WHAT YOU NEED TO DO :: Please reproduce the listing verbatim, without its images.

RECORDED INFORMATION ::
########

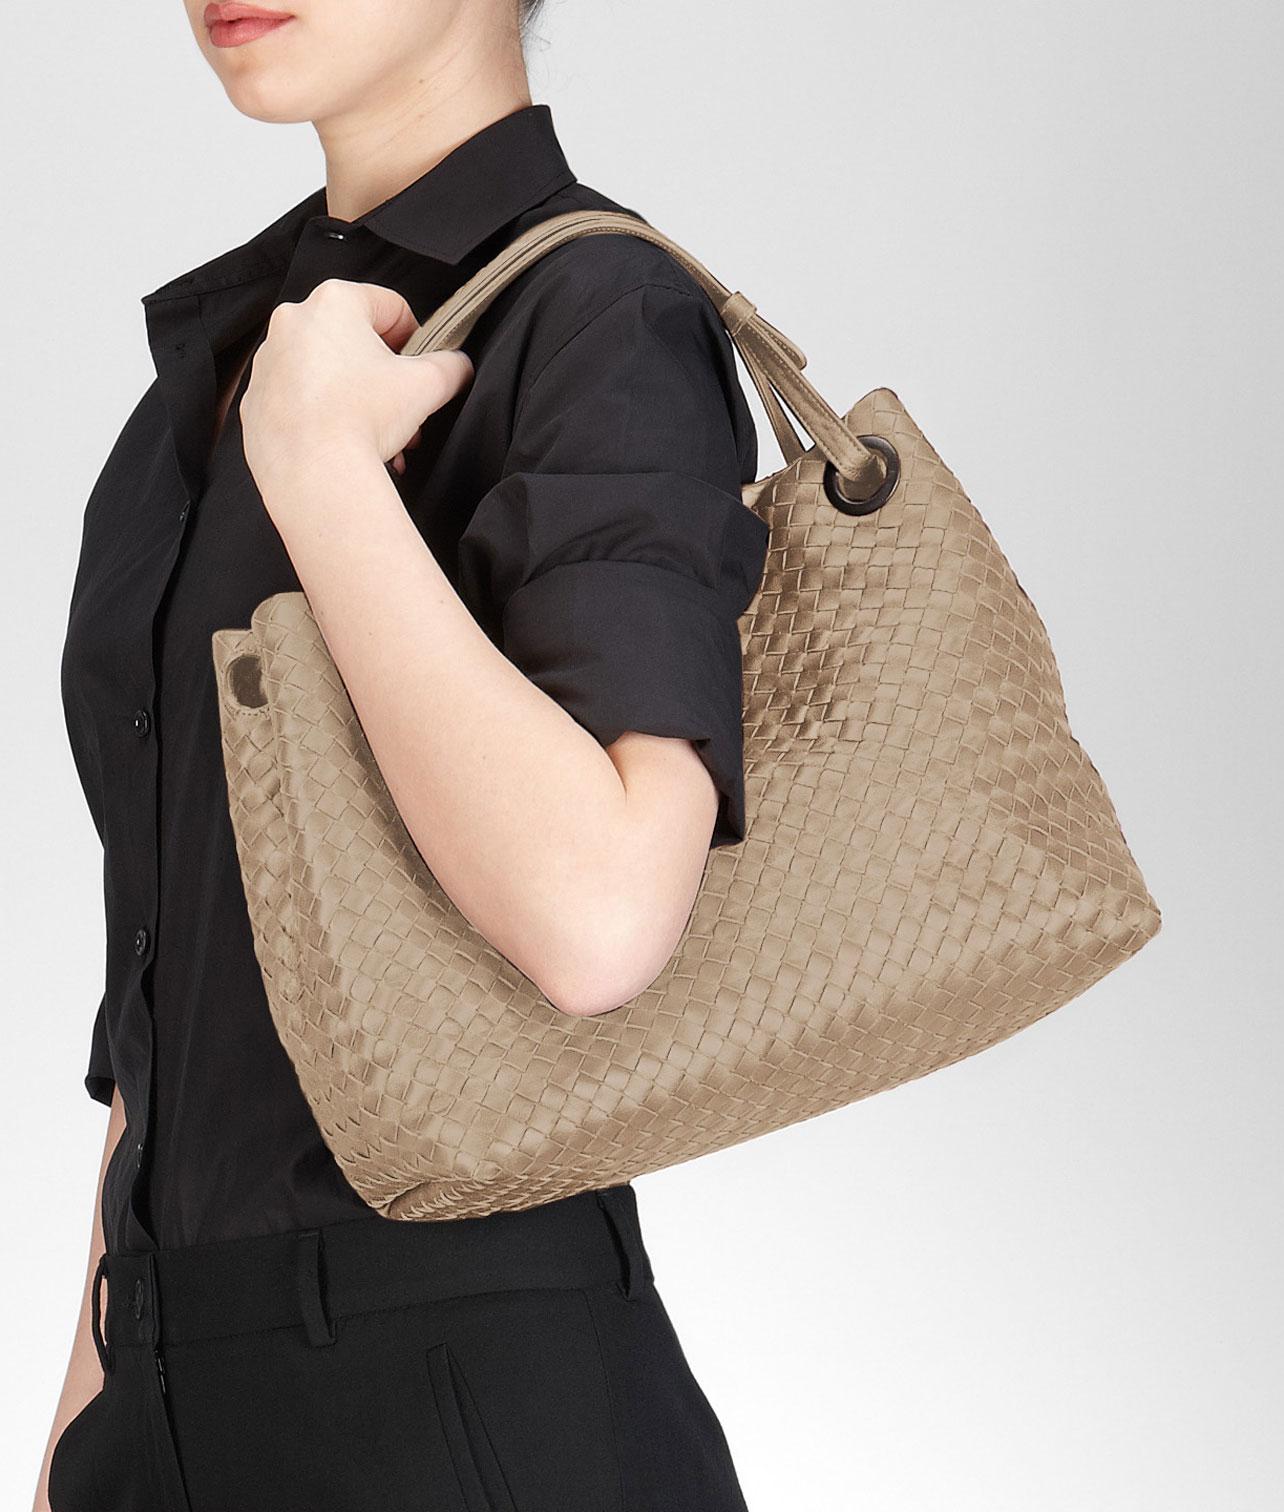 bottega veneta handbags on sale - Bottega veneta Walnut Intrecciato Nappa  Bag in Natural (WALNUT ddbfe0387cc8f
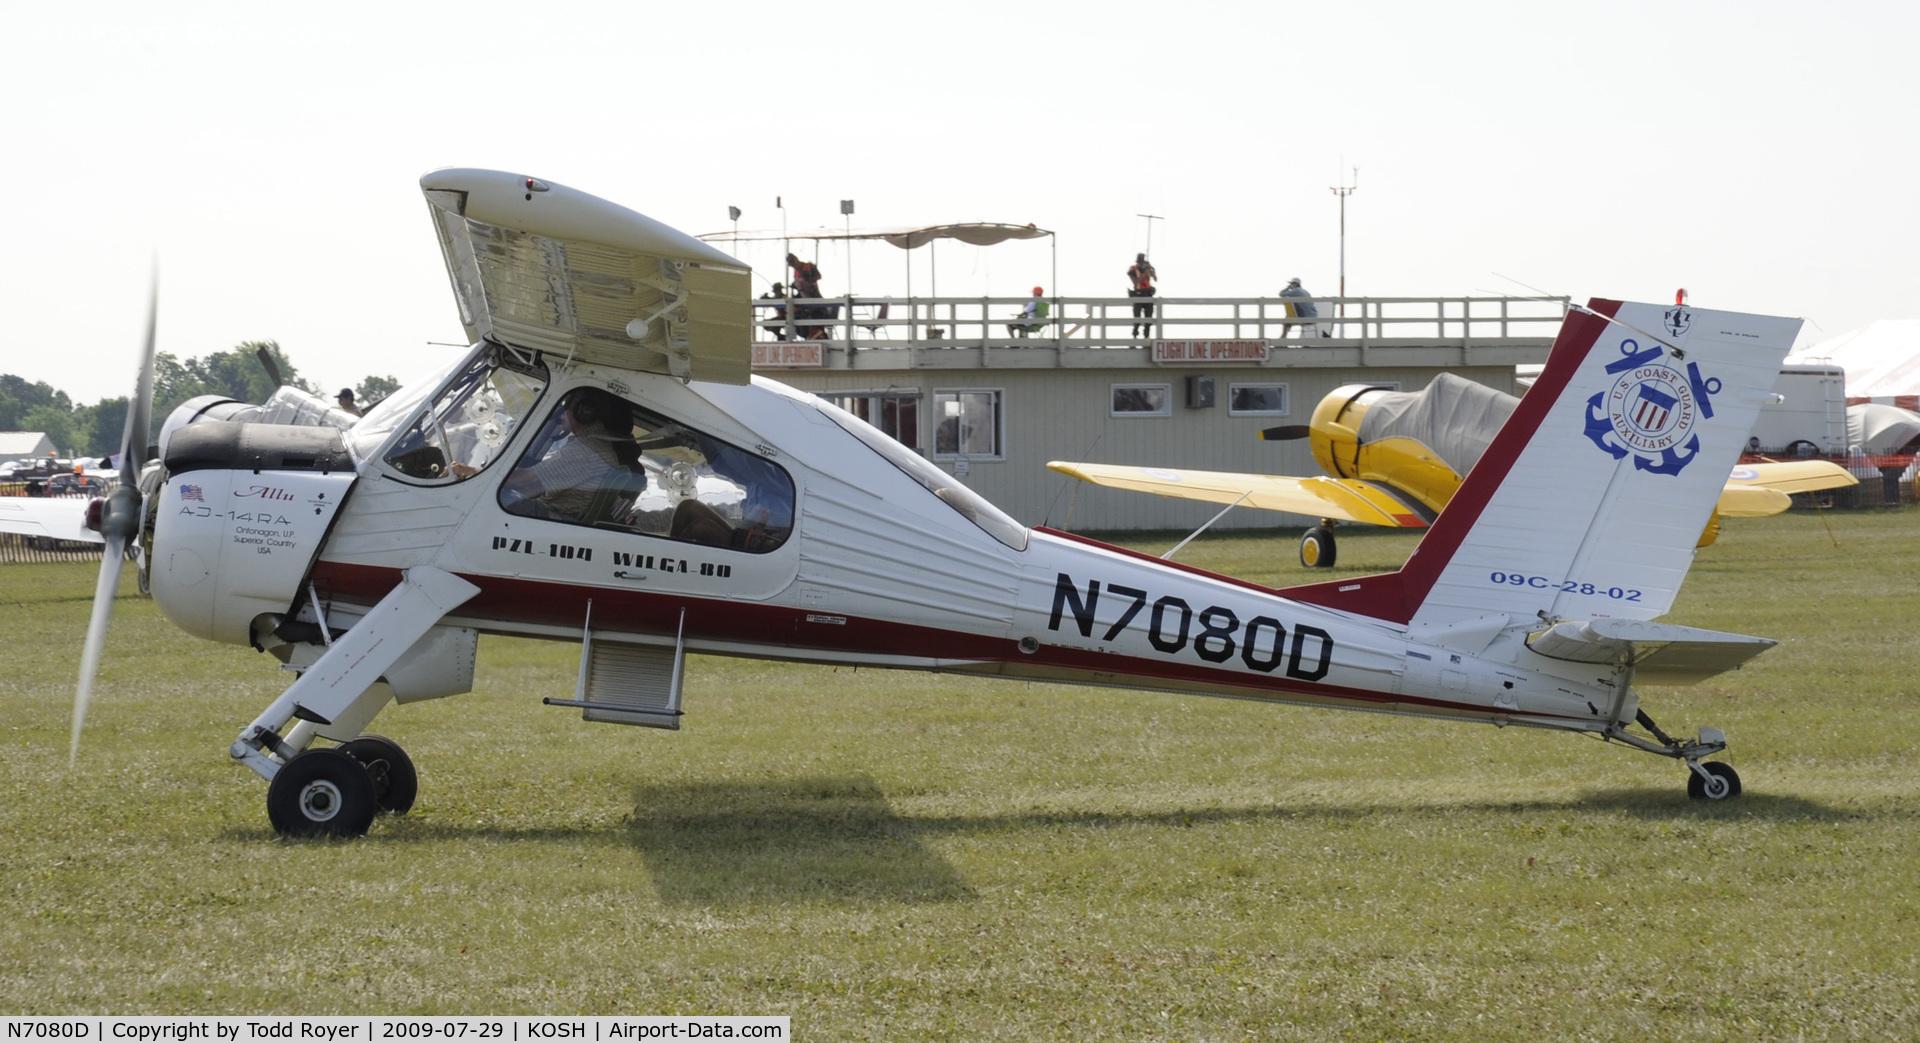 N7080D, 1993 PZL-Okecie PZL-104 Wilga 80 C/N CF21920935, EAA AIRVENTURE 2009
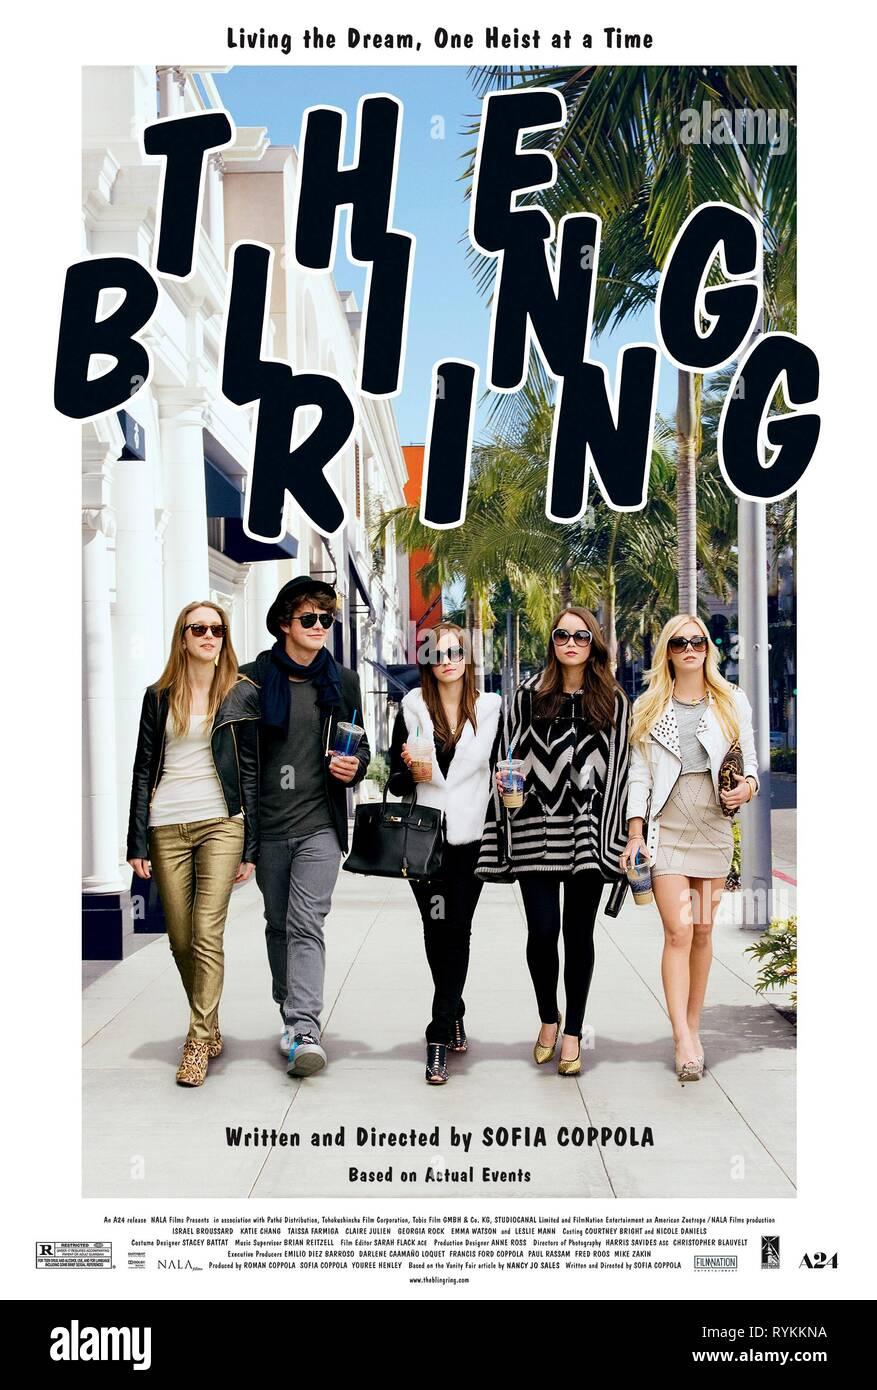 FARMIGA,BROUSSARD,WATSON,CHANG,POSTER, THE BLING RING, 2013 - Stock Image
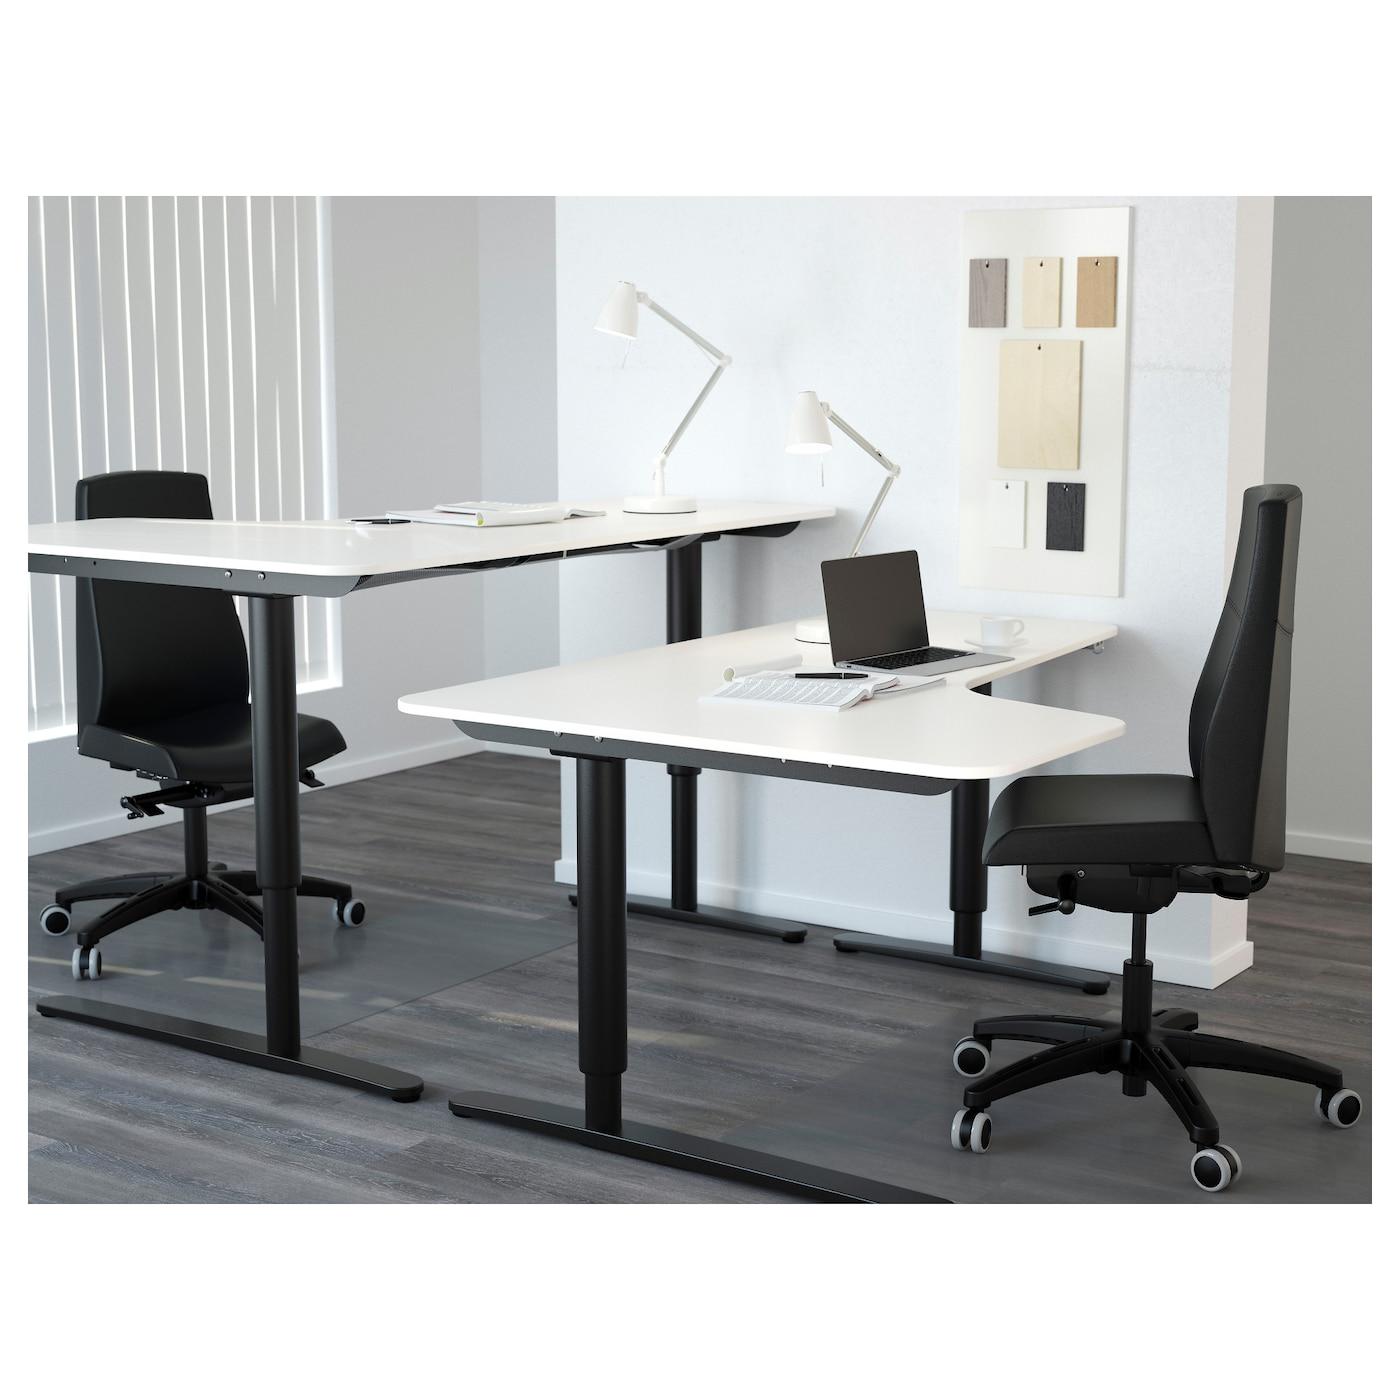 bekant left hand corner table top white 160 x 110 cm ikea. Black Bedroom Furniture Sets. Home Design Ideas

########

TASK RESULT ::
 bottega veneta handbags on sale - Bottega veneta Walnut Intrecciato Nappa  Bag in Natural (WALNUT ddbfe0387cc8f
 N7080D, 1993 PZL-Okecie PZL-104 Wilga 80 C/N CF21920935, EAA AIRVENTURE 2009
 FARMIGA,BROUSSARD,WATSON,CHANG,POSTER, THE BLING RING, 2013 - Stock Image
 bekant left hand corner table top white 160 x 110 cm ikea. Black Bedroom Furniture Sets. Home Design Ideas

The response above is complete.